#### Exercise
Starting with the line that contains "shelf stocker came", repeat each line exactly through the final line of the listing. No picture should appear in the copy.

#### Data excerpt
....

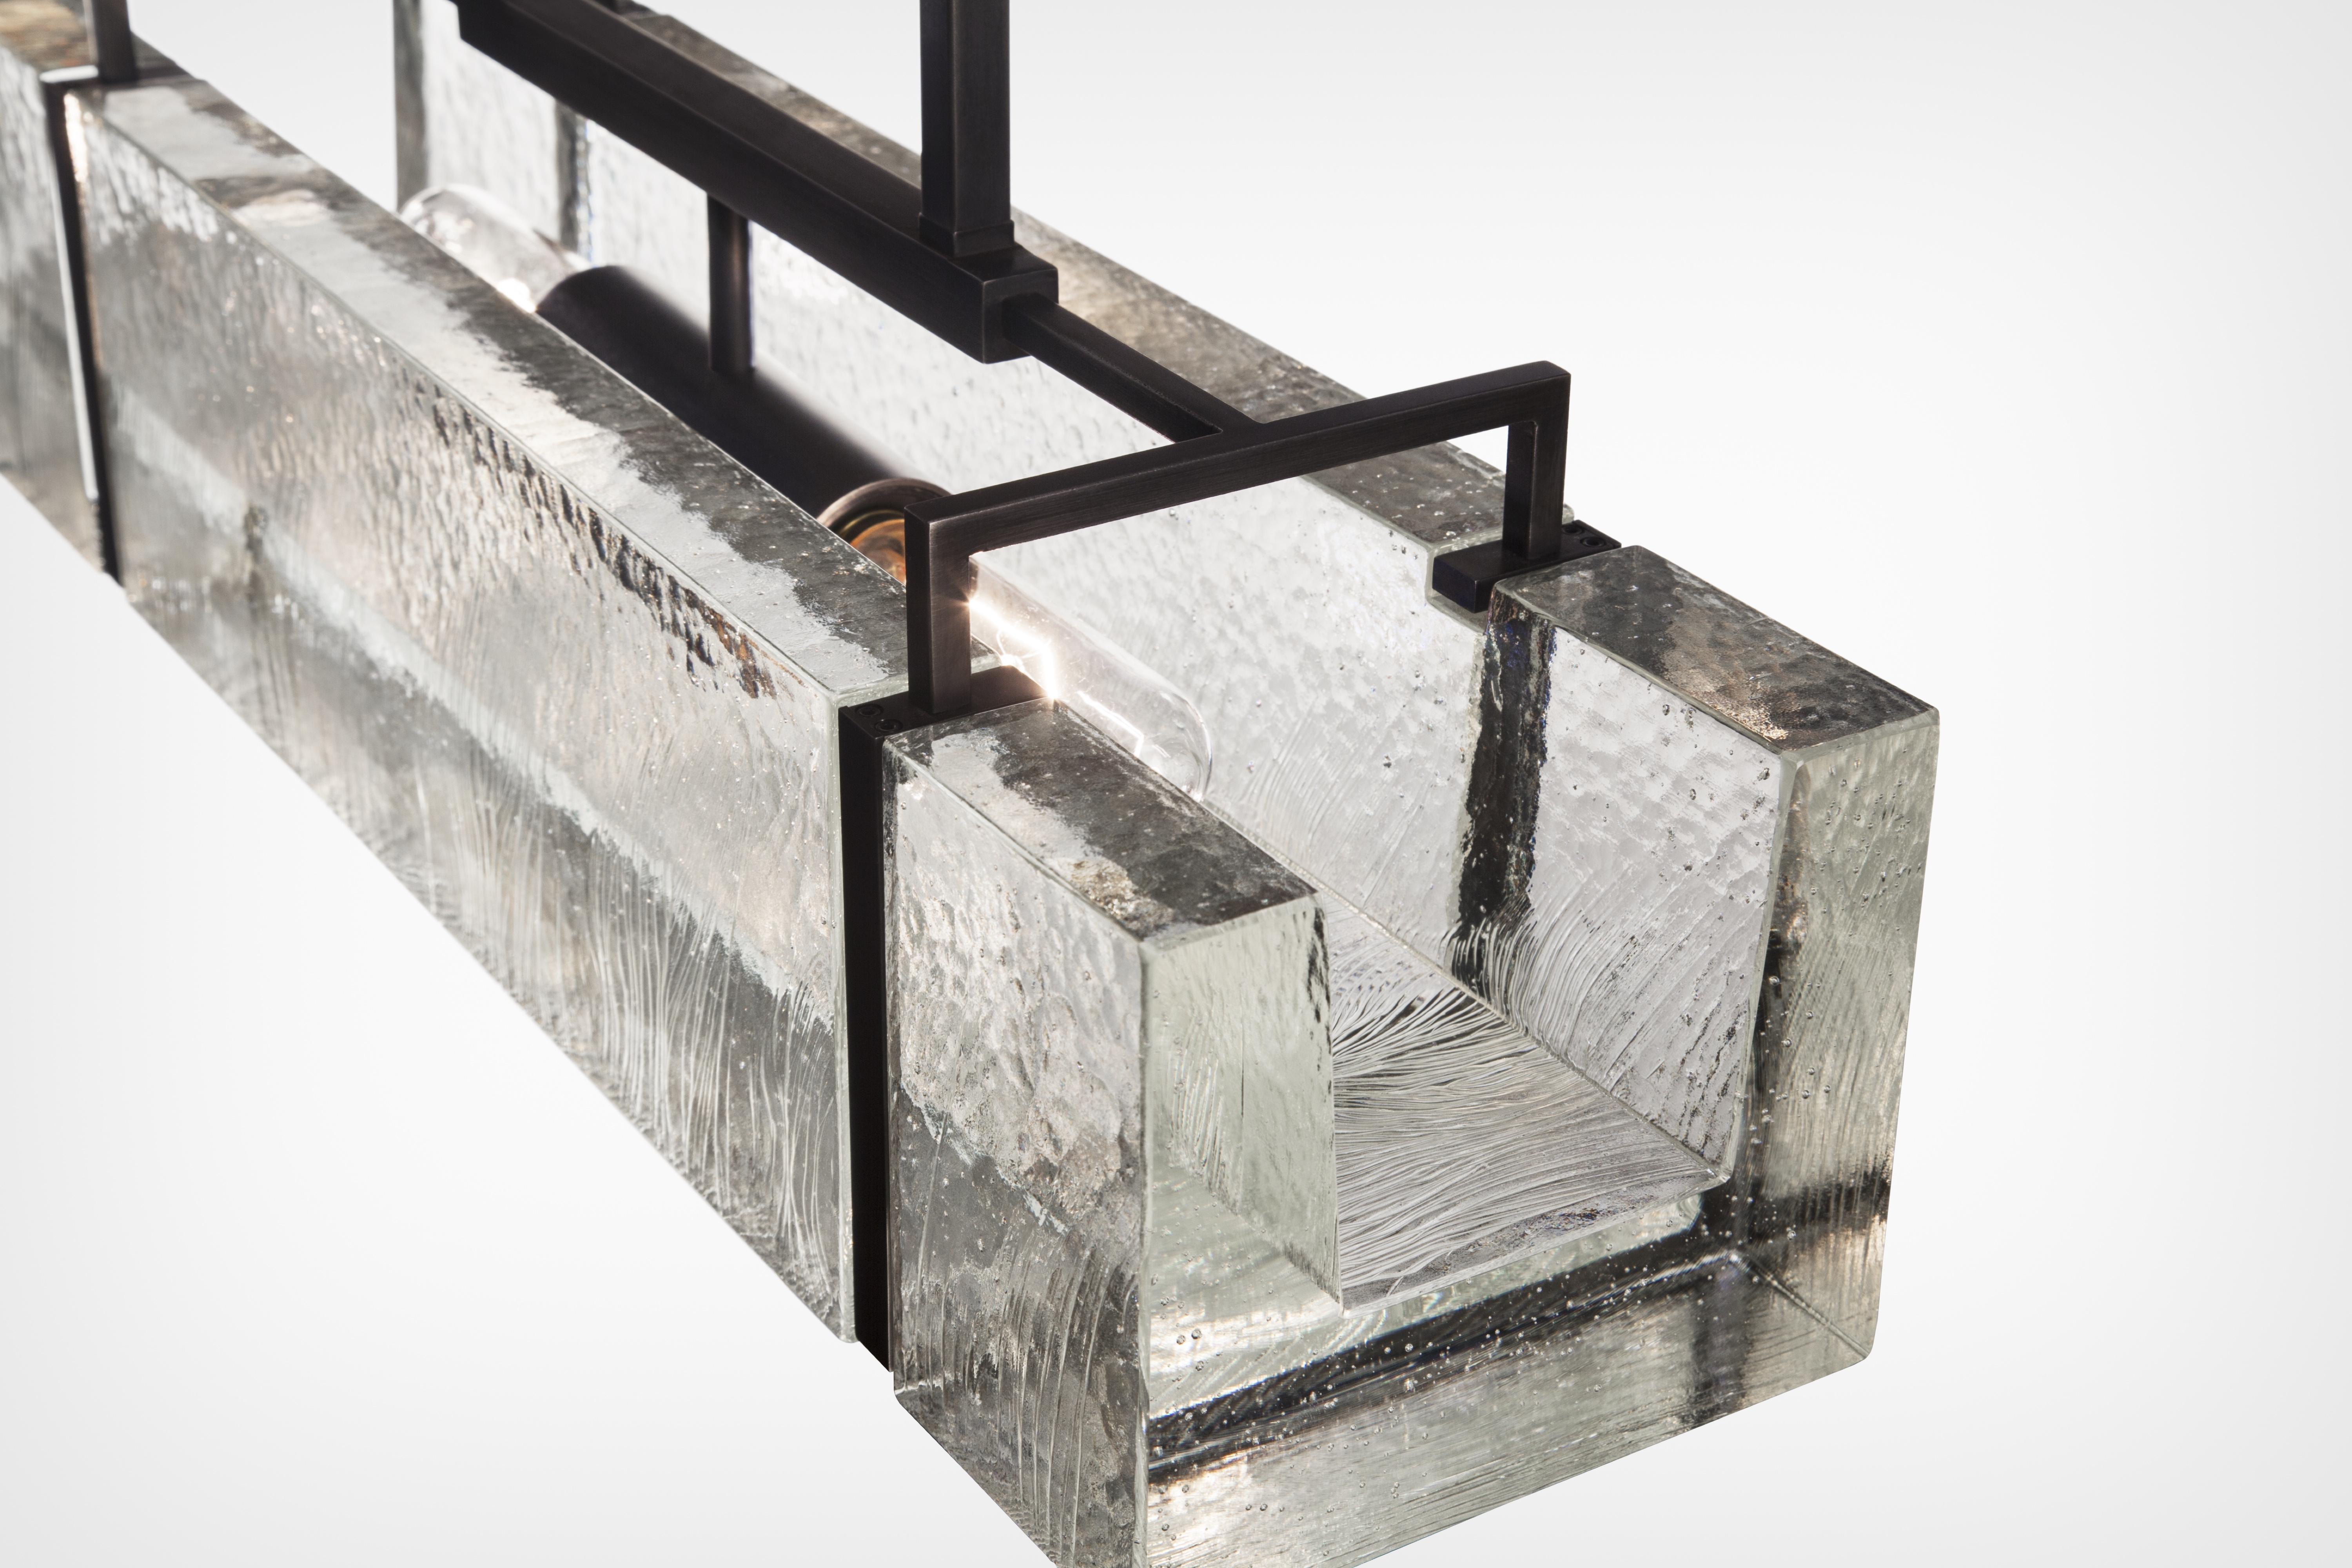 The Trough Light is crafted from crystal cast to mimic blocks of ice, and set in a frame that is reminiscent of industrial ice tongs. The casting process results in textural ripples across the surface of the weighty crystal, creating ethereal
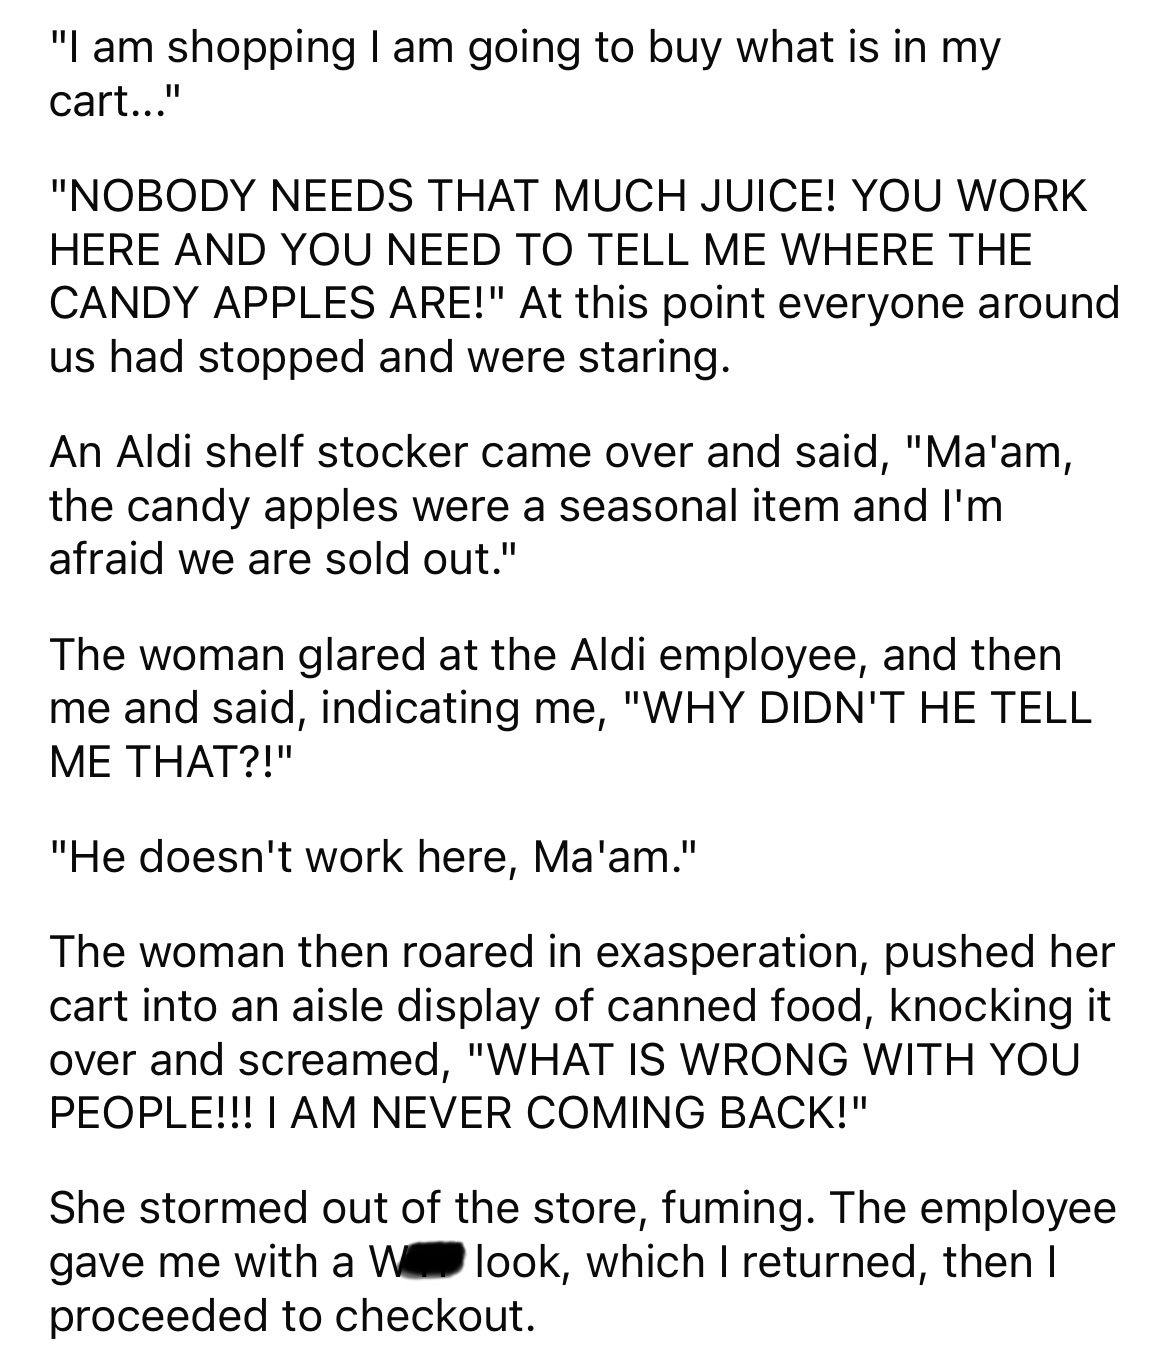 document - "I am shopping I am going to buy what is in my cart..." "Nobody Needs That Much Juice! You Work Here And You Need To Tell Me Where The Candy Apples Are!" At this point everyone around us had stopped and were staring. An Aldi shelf stocker came 
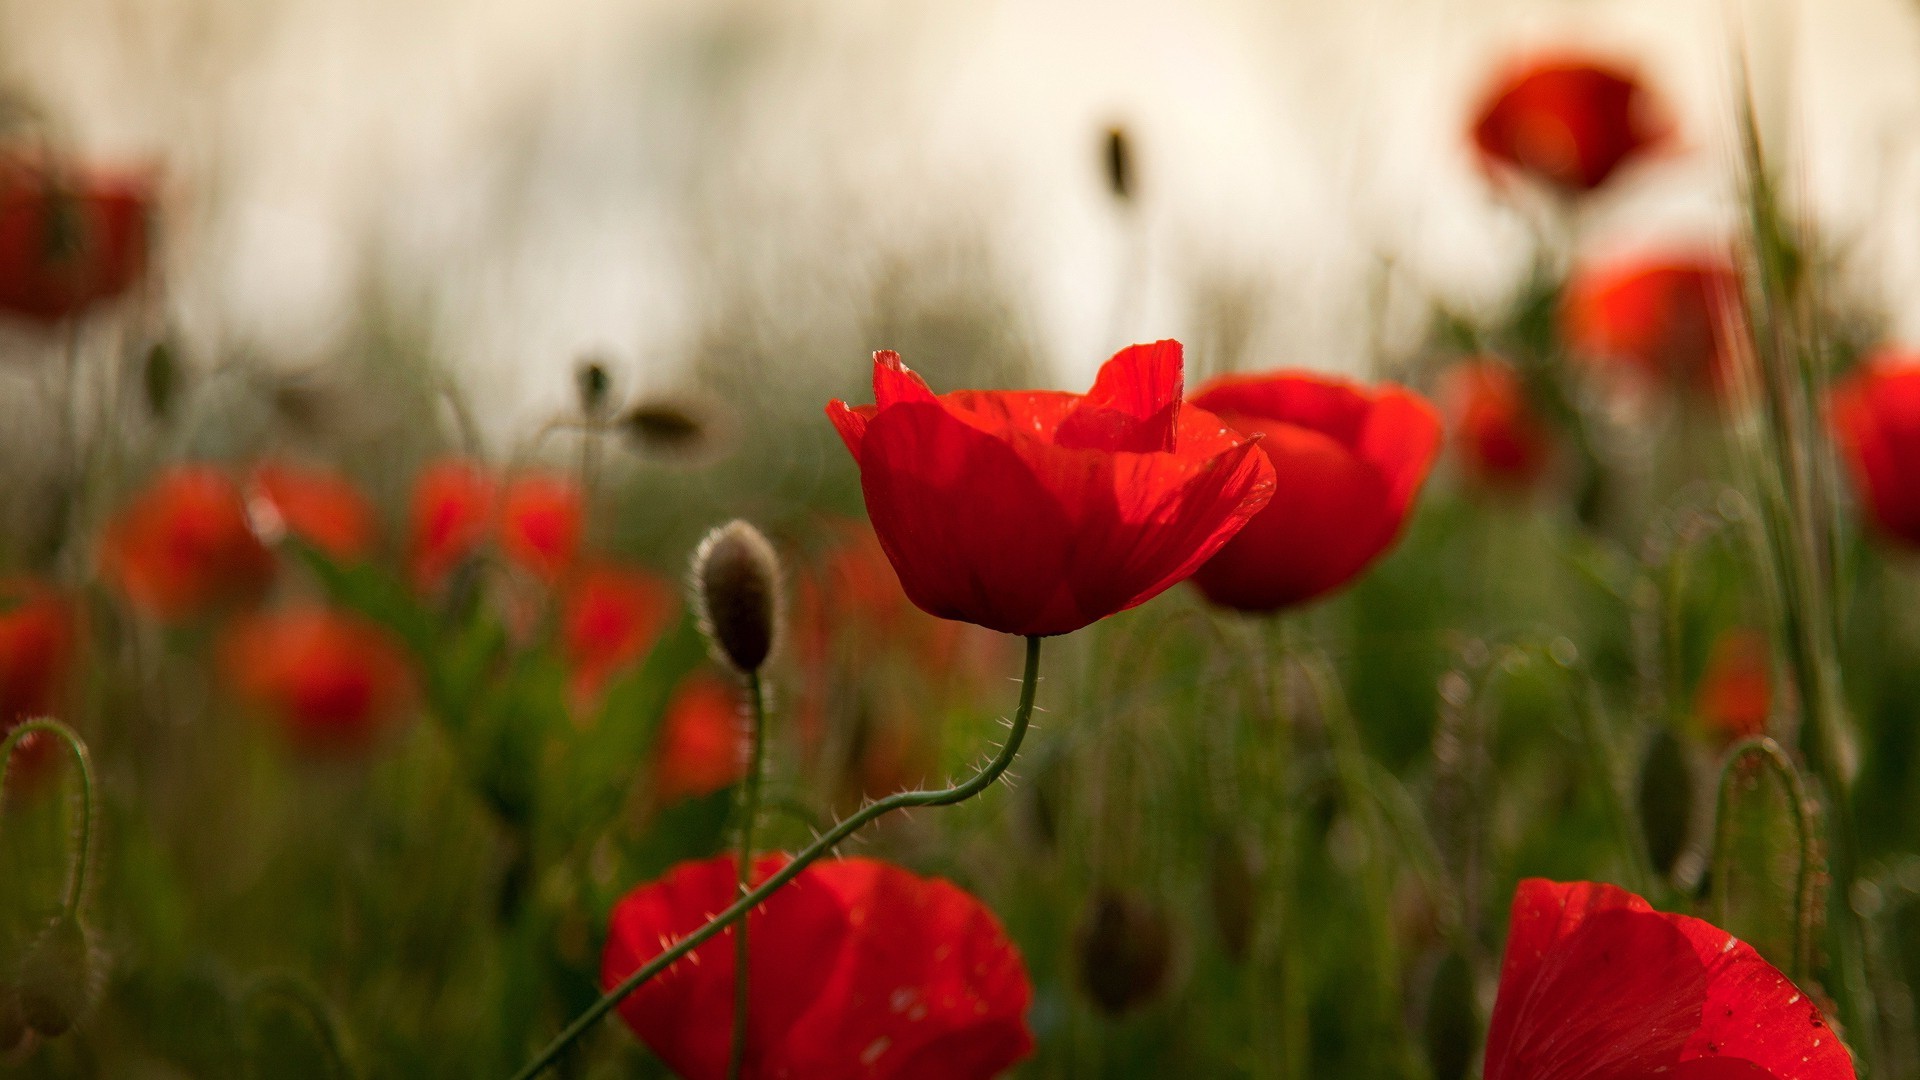 Wallpapers flowers poppies red flowers on the desktop

....

#### Response to this exercise
 document - "I am shopping I am going to buy what is in my cart..." "Nobody Needs That Much Juice! You Work Here And You Need To Tell Me Where The Candy Apples Are!" At this point everyone around us had stopped and were staring. An Aldi shelf stocker came 
 Wallpapers flowers poppies red flowers on the desktop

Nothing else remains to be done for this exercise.